See beyond with Business Intelligence, Copilot, and GenAI
by Obaid Motiwala, on Jan 7, 2025 6:20:08 PM
Key takeaways
- The convergence of Business Intelligence, Copilot, and GenAI unlocks significant data value.
- It helps tide over the issues related to analyzing data in a timely manner.
- It allows business users to go beyond queries and talk with their data in simple, natural language.
The Business Intelligence landscape is fast changing. New Artificial Intelligence (AI) driven technologies, such as Copilot and GenAI, augment the Business Intelligence Cloud platforms to unlock the immense potential that is latent in enterprise data. This technology convergence enables business users to talk to their enterprise data in simple natural languages, such as English or any other language, and see beyond lengthy tables and figures sans the structured query language. The technology confluence offers a powerful synergy that tides over the challenges encountered in analyzing high data volumes. It helps to accurately identify trends and patterns in the data, oblivious to the human eye, and make accurate decisions in a timely manner.
What are the challenges in enterprise decision-making?
Businesses face a myriad of problems during decision-making. Some of them are –
- Complex datasets: Businesses usually have composite data sets that are usually not usable and require curation to extract meaningful information.
- Lack of data accessibility: Business users usually lack direct access to data, which is a must for making informed decisions.
- Structured language querying: Business users route their information requirements through technical users with data access. They use structured query language to retrieve answers to queries.
- Lack of data governance: Data is stored passively as an afterthought during work processes. It is seldom controlled or audited.
- Lack of actionable information: Business users do not have instant access to real-time actionable information that hampers timely decision-making.
- Lack of real-time decision-making: It leads to opportunity loss and stagnates business operations and revenue growth.
What is the importance of automated actionable insights in business scenarios?
Business Intelligence solutions enable businesses to stay in control of their enterprise data through real-time monitoring. Some of the important aspects of modern Business Intelligence solutions are –- Instant report generation: Business users generate quick reports through self-service.
- Better decision-making through collaboration: They offer real-time access to business insights for informed decision-making.
- Democratizing information access: They help to transcend protocols within RBAC frameworks and access real-time information.
What is the importance of AI-led Business Intelligence in today’s business environment?

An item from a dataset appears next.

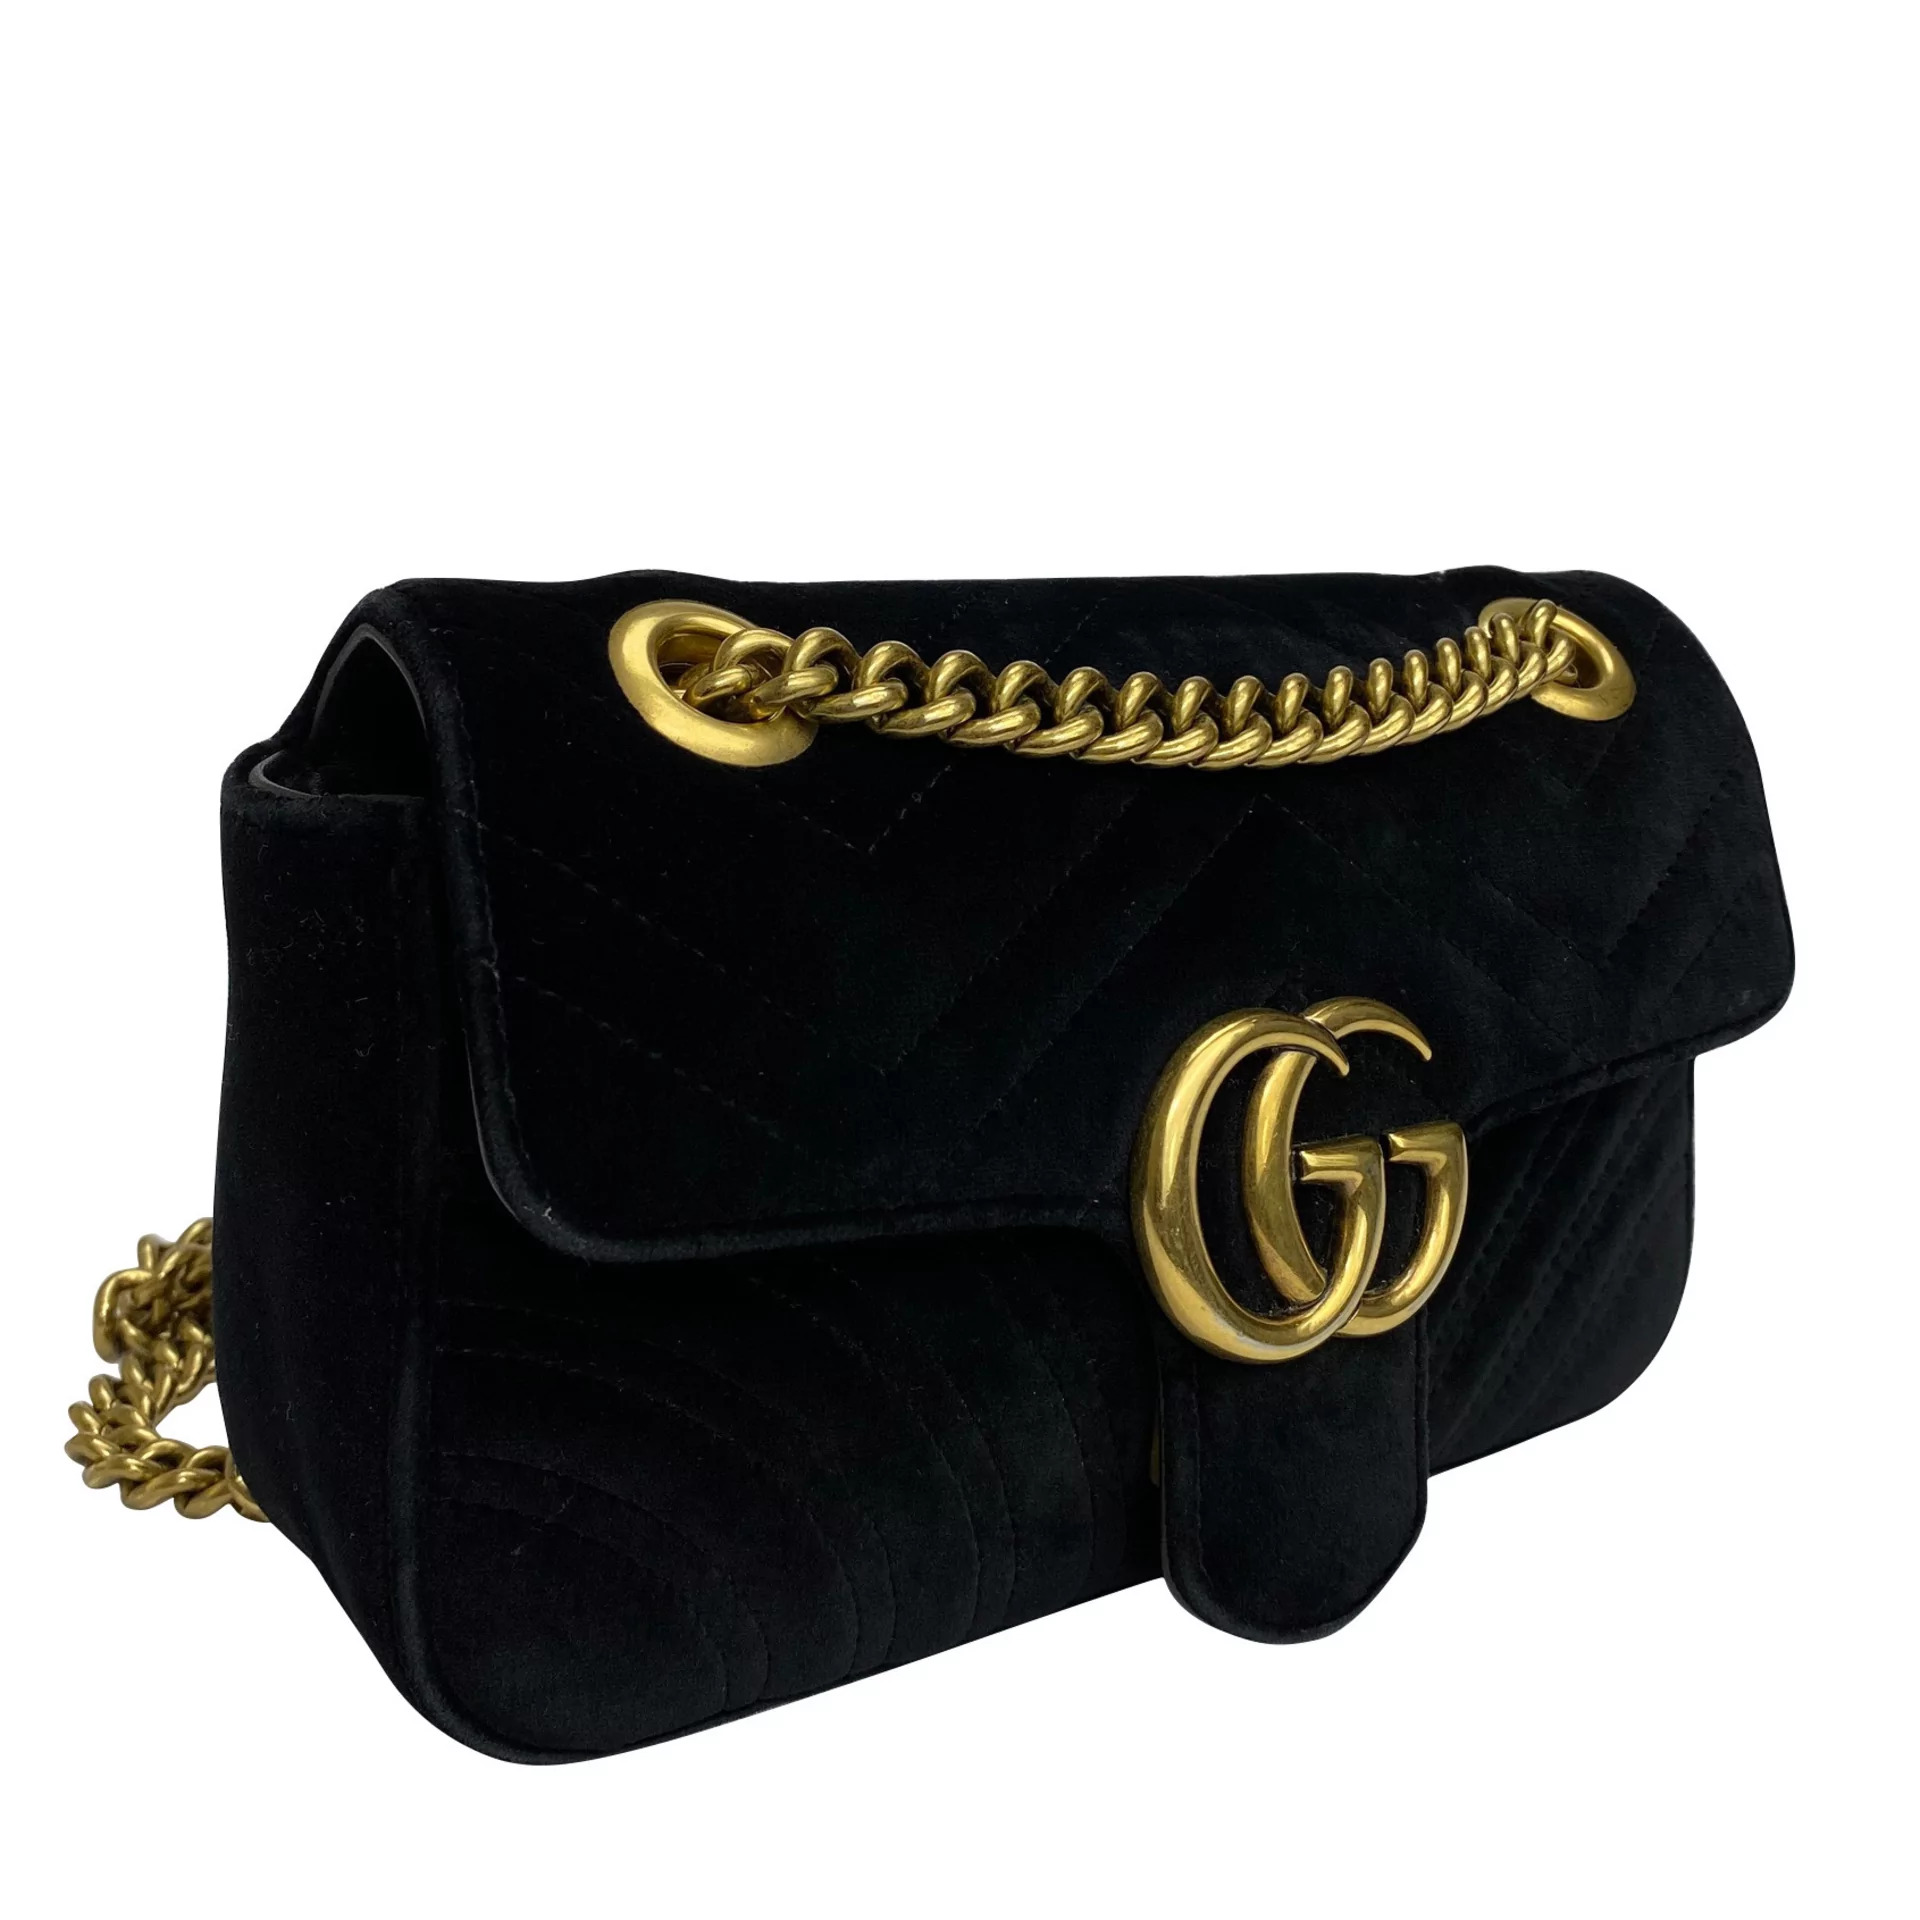 Bolsa Gucci GG Marmont Veludo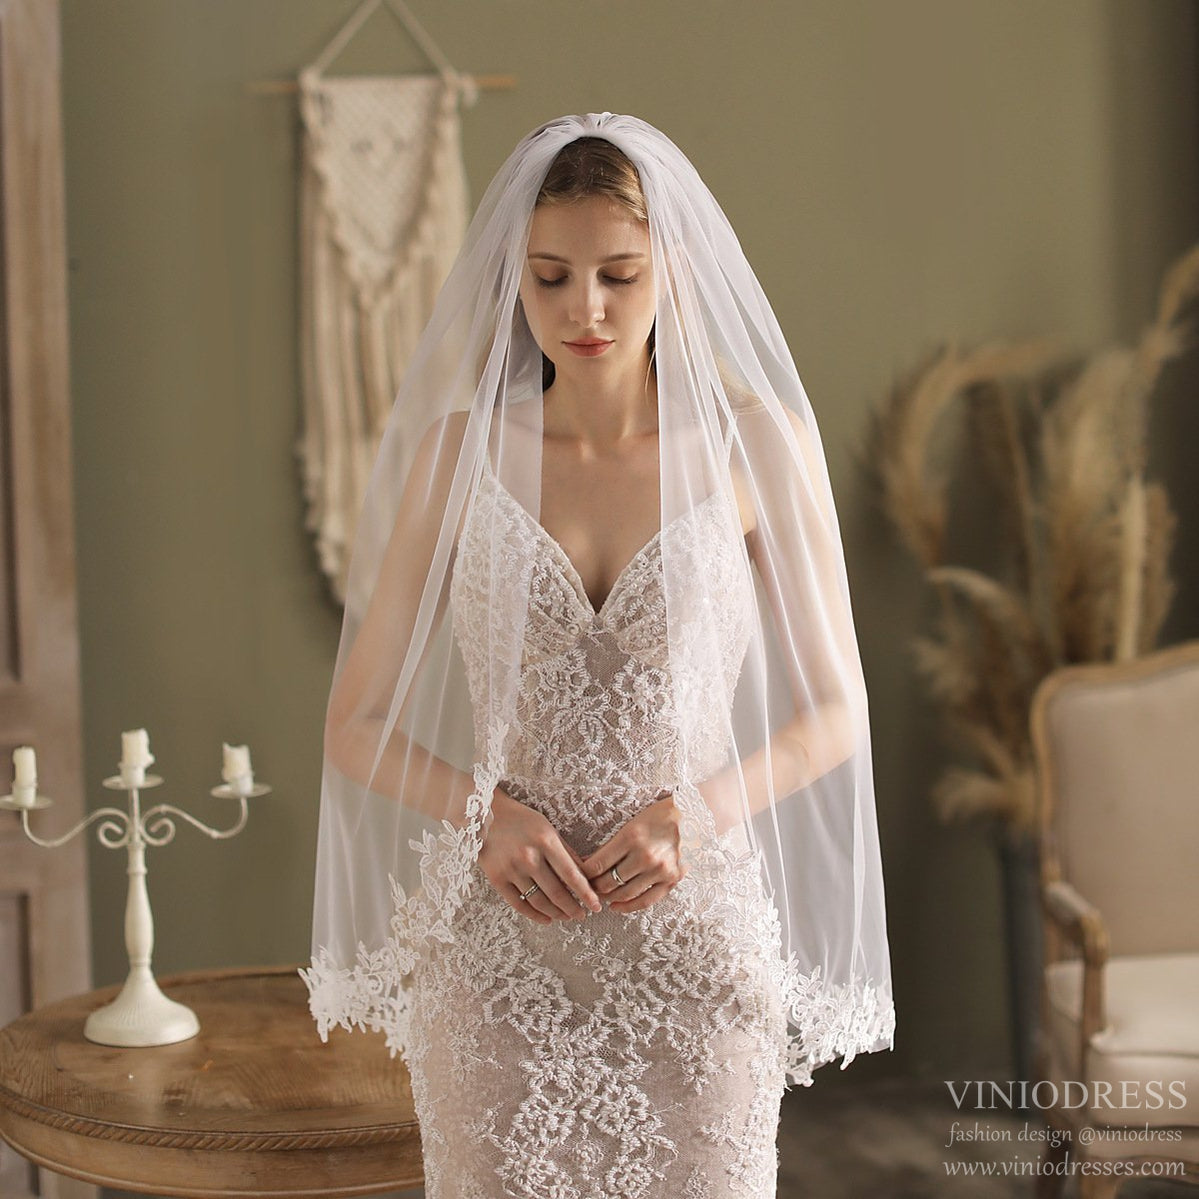 Viniodress Shoulder Length Champagne Bridal Veils

The convergence of Business Intelligence and AI technologies, such as Copilot and GenAI, has transformed the business intelligence landscape. It brings forth many new-age capabilities –
- Conversational User Interface (CUI): It allows querying in natural languages, such as English, through simple prompts. It leverages NLP and NLG to tap into enterprise data repositories and retrieve fast answers.
- Analysis at scale: The unique technology convergence allows analyzing complex data at scale to bring out fast actionable information in different visual formats without using Structured Query Language. This technology convergence effectively analyzes patterns, sees beyond, and identifies outliers better than contemporary solutions.
- Analyzing complex datasets: It analyzes complex data and offers insights within a fraction of the time required by contemporary BI solutions.
- Greater insightful depths: It helps to analyze data to retrieve actionable insights with greater depth and accuracy.
- Control over data: It helps to exercise greater control over data and establish data governance with RBAC frameworks.
AI-led Business Intelligence use cases
- Customer Service: It allows agents to dynamically generate to-the-point information for customer queries in an agile environment. It helps them to handle high call traffic better and increase customer satisfaction.
- Quality Analysis: It allows supervisors to analyze the agents’ conversations with customers, decide the agents’ individual development plans, and schedule training. It helps the supervisors move beyond sampling towards the complete quality analysis of the customer conversations handled by the agent fraternity.
Simply put
Analysis of complex data poses a myriad of problems. The Business Intelligence, Copilot, and GenAI convergence allows business users to overcome such problems and unlock the immense potential that is latent in enterprise data. It allows talking to the enterprise data without the Structured Query Language protocols that lie with the select few in the organization. The synergy helps tide over the problem of managing huge data volumes to generate meaningful and actionable business insights.